How Parents and Nurse Practitioners Work Together to Improve Infant Mental Health

Updated on February 26, 2021

As a society, we’re finally beginning to understand how important it is to support mental health for all. But so much of this attention is focused on adults, instead of young children who are developing rapidly and shaping their future mental health. 

While it is obviously important to help adults deal with mental health concerns that may be impacting their lives, we also need to be aware of how early experiences and support can help children become confident, resilient, and mentally healthy. Early experiences can also have the opposite effect, however, affecting a child’s developing brain in a negative way. 

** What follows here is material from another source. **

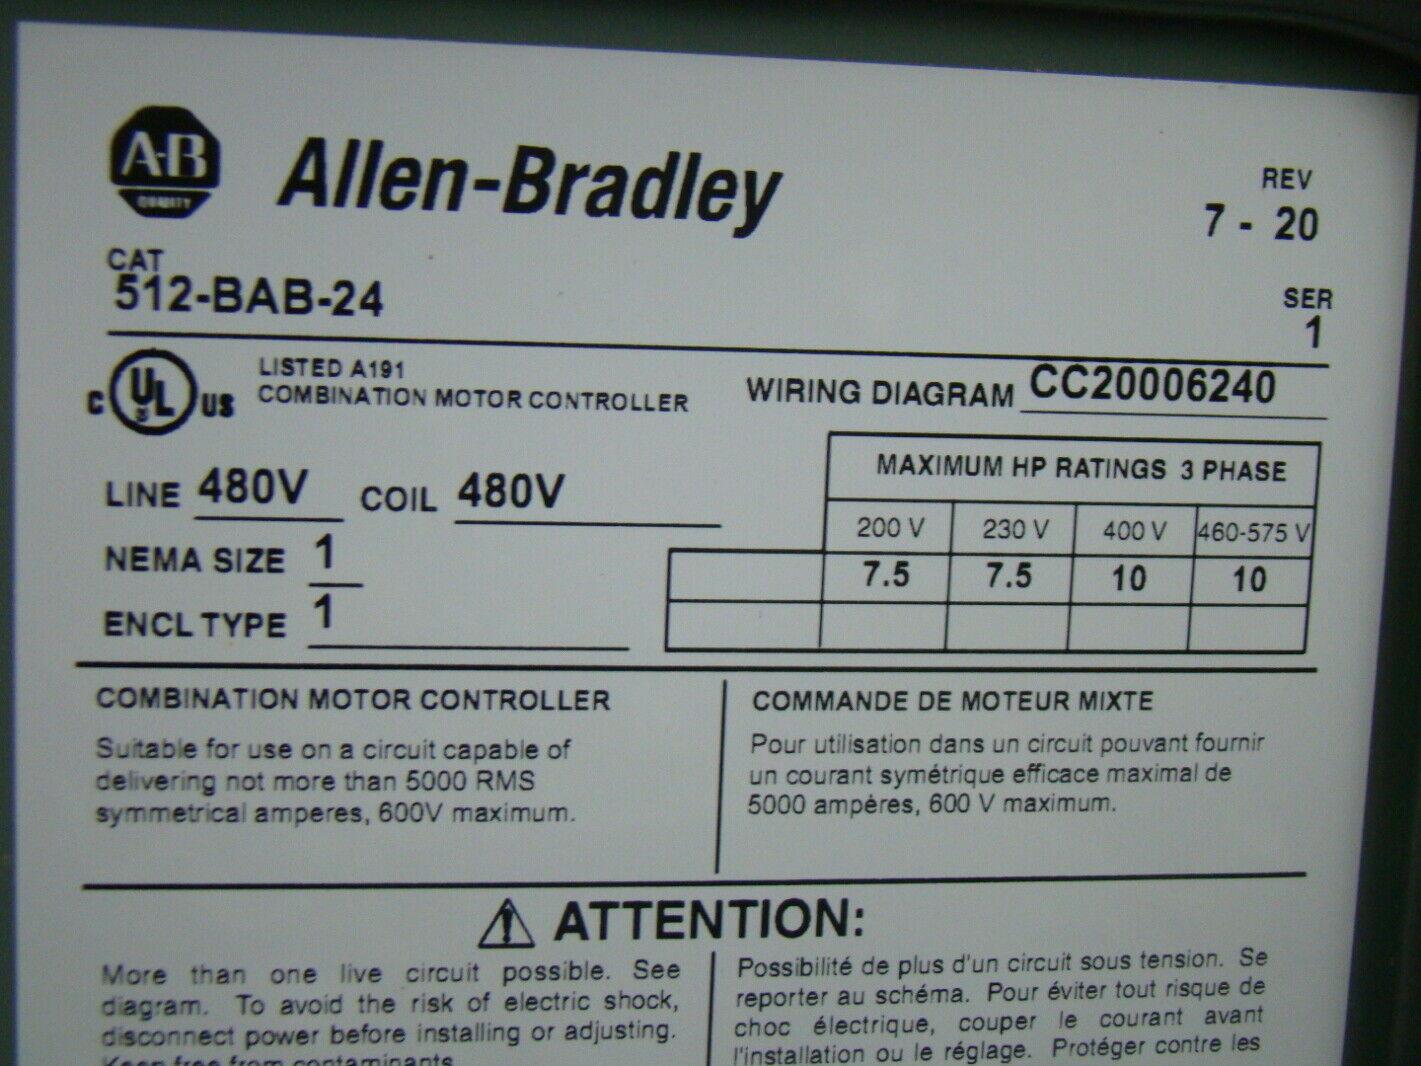 Allen Bradley 512 Combination Starter Wiring Diagram Modern Design 3 Phase For 120v 480v Size 1 Motor Bab 24 Rh Fazziosurplus Com Mcc Diagrams Starters 609u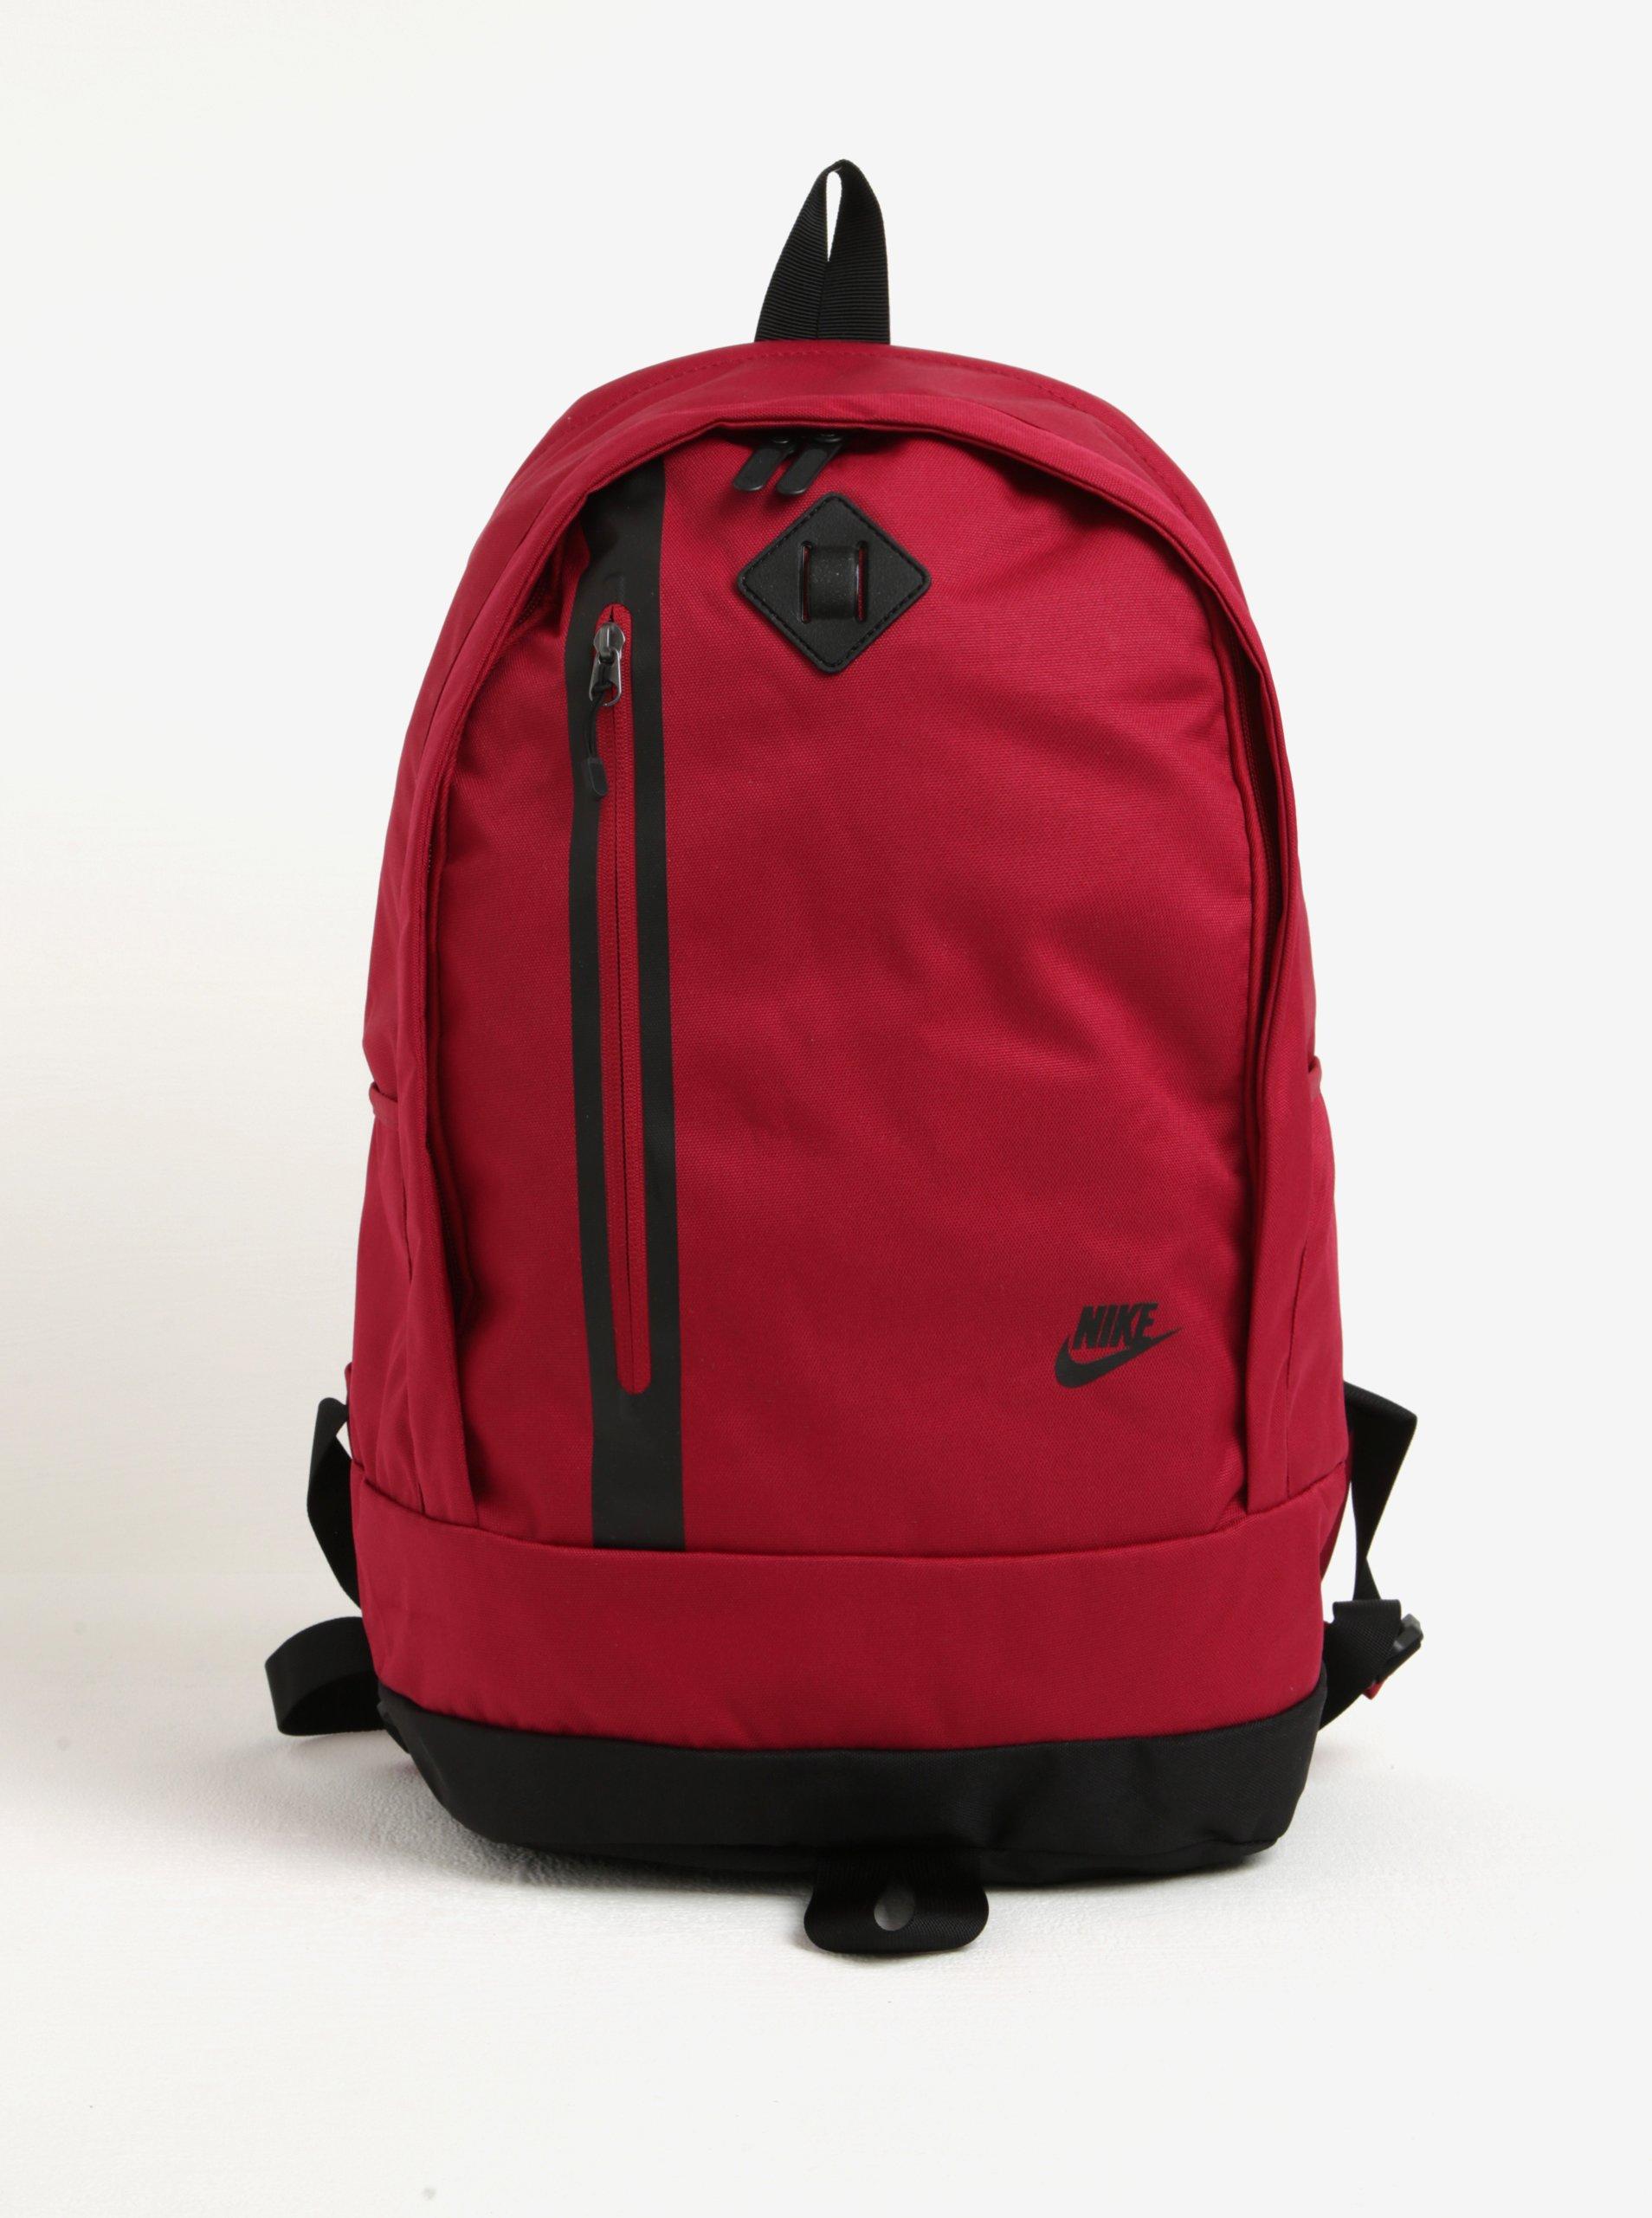 Červený batoh Nike Cheyenne 27 l

The good news is that by working together, families and medical professionals can set kids up for success and help them develop their emotional and mental health in a positive way. It is often challenging for families to get help, as specialists are few and far between, most people don’t understand babies’ complex mental health needs, and there is still a stigma associated with seeking help. 

A family’s best resource is often their primary care providers—a role that is increasingly filled by nurse practitioners (NPs). NPs are knowledgeable and compassionate individuals who can help children stay on track for mental health development using the principles of infant mental health (IMH). 

About Infant Mental Health (IMH)

Infant mental health is a concept that most people (including many clinicians) don’t understand, but it’s actually very simple: the term refers to a child’s rapid mental health development from birth to the age of three. During this time, babies build the foundations of social bonds and learn how to express and manage their emotions. A child’s environment and relationships during this time are crucial for healthy brain development and future mental health. 

Importance of Building an Infant’s Developmental Profile

Most parents are aware of the various milestones their child will reach during development, such as laughing, crawling, walking, and talking. Because children develop rapidly, there are numerous milestones that may go unnoticed but are still crucial, such as making eye contact or fussing to demand attention. However, these milestones become clear when a child does not reach them on schedule. 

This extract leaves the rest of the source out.